Check out this article from Business Insider:
“If the rate on your mortgage is higher than investment return estimates, pay down the debt first. But if you’re open to refinancing your mortgage, that’s usually the best option. Your interest rate will then be lower than what you could earn in the markets and you can invest the savings from monthly payments plus any other extra income.
For a more conservative approach, still refinance for a lower interest rate, then pay the mortgage off more aggressively before investing. If you have a mortgage and cash to spare, you’ve probably considered paying off your loan early.
To be unencumbered by debt feels good, but paying down a mortgage years before you need to may not be the best way to build wealth, if that’s your goal. Brian Fry, a certified financial planner who founded Safe Landing Financial, says making the right decision boils down to interest rates.
“If you project a higher rate of return for your investments than your mortgage’s interest rate, then you should invest the savings,” Fry says. “If you project your mortgage’s interest rate to outperform your investments, then you should pay the mortgage off aggressively.”
In essence, you want your money to earn more than it would cost you elsewhere. Fry ran a simulation for Business Insider comparing different scenarios for a hypothetical homeowner. The homeowner just got a raise that will net them an additional $24,000 a year after taxes. They are 15 years into their mortgage and have a remaining balance of $282,221 at an interest rate of 5.84%.
They have an established emergency fund and no other debt, and they’re already maxing out their 401(k) and IRA. Their nest egg is diversified, and they are looking to make the best financial decision about how to use the extra income to maximize their wealth. This is important, as Fry doesn’t recommend paying down a mortgage aggressively or investing more aggressively until the rest of your financial house is in order.
For the investment fund, Fry used the Vanguard Total Stock Market Index Fund, which has a long-term annual return of 5.38%, according to JPMorgan estimates. He said it’s important to remember that the market doesn’t go up by the same percentage every year: Some years offer better returns, while others may have negative returns.
In a simple comparison of interest rates, paying off the mortgage early wins. “A 5.84% interest rate on the loan is higher than the market’s expected rate of return. If the homeowner is locked into a higher interest rate, it’s best to pay off the debt first,” Fry says.
However, that’s not the best possible option.

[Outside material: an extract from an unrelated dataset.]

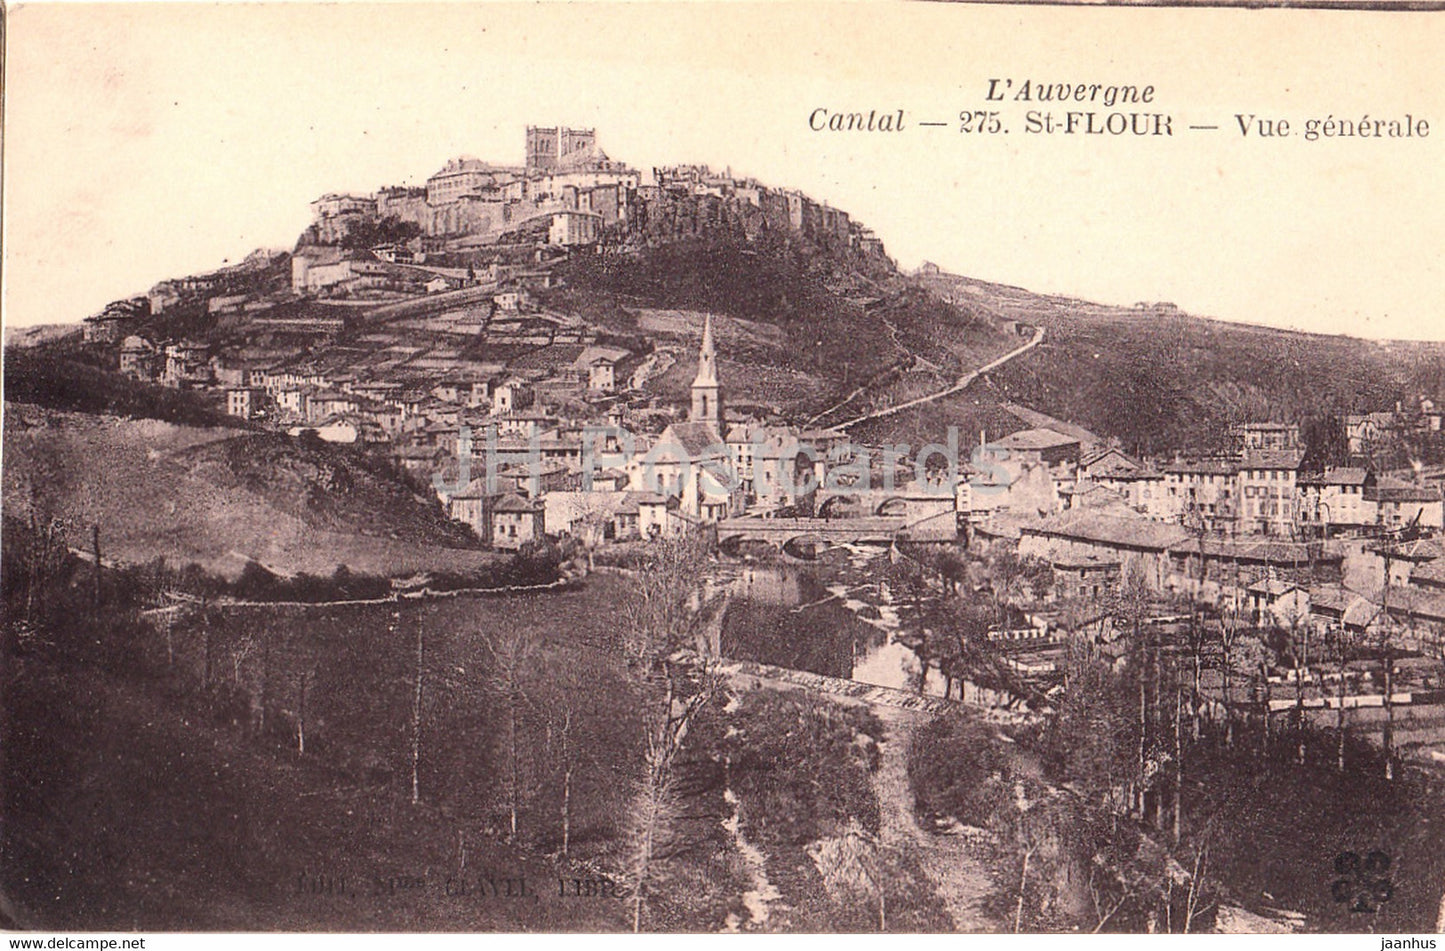 L'Auvergne - Cantal - St Flour - Vue Generale - 275 - old postcard - France - unused - JH Postcards

Since interest rates today are lower than the homeowner’s current rate, the homeowner would benefit from refinancing their mortgage, he says.
Fry says the homeowner can refinance to a 15-year fixed-rate mortgage at an interest rate of 3.19% — over 2.6% lower than their current rate.
According to his calculations, if the homeowner refinances their mortgage and invests what they save on monthly payments plus $24,000 a year, in 15 years they will have paid off their loan and have an investment account balance of $623,701. Fry says this is the best option for the hypothetical homeowner, who already has an emergency fund and is maxing out their retirement accounts. If you don’t have your savings in order, take care of that first.
But unfortunately, investing in the stock market is a gamble and returns aren’t always consistent year after year. If the homeowner still refinances for the lower interest rate, but wants to act more conservatively, “they can pay off the mortgage and then invest and still come out OK,” Fry says. Their investment account balance at the end of 15 years would be $599,662.
Fry says the worst financial decision the homeowner could make would be spending their extra income and not refinancing their mortgage or investing. Since the goal is to build wealth, spending cash won’t move the needle.
The second worst option, according to Fry, would be ignoring the opportunity to refinance. Refinancing to lock in a lower interest rate can lower your monthly payments significantly, saving you thousands of dollars in interest over the life of the loan. As outlined above, whether you decide to pay off your mortgage more aggressively or invest aggressively, refinancing saves money.
Refinancing is best for people who aren’t planning to move any time soon, in part because there are closing costs that run between 1.5% to 4% of the remaining mortgage balance.”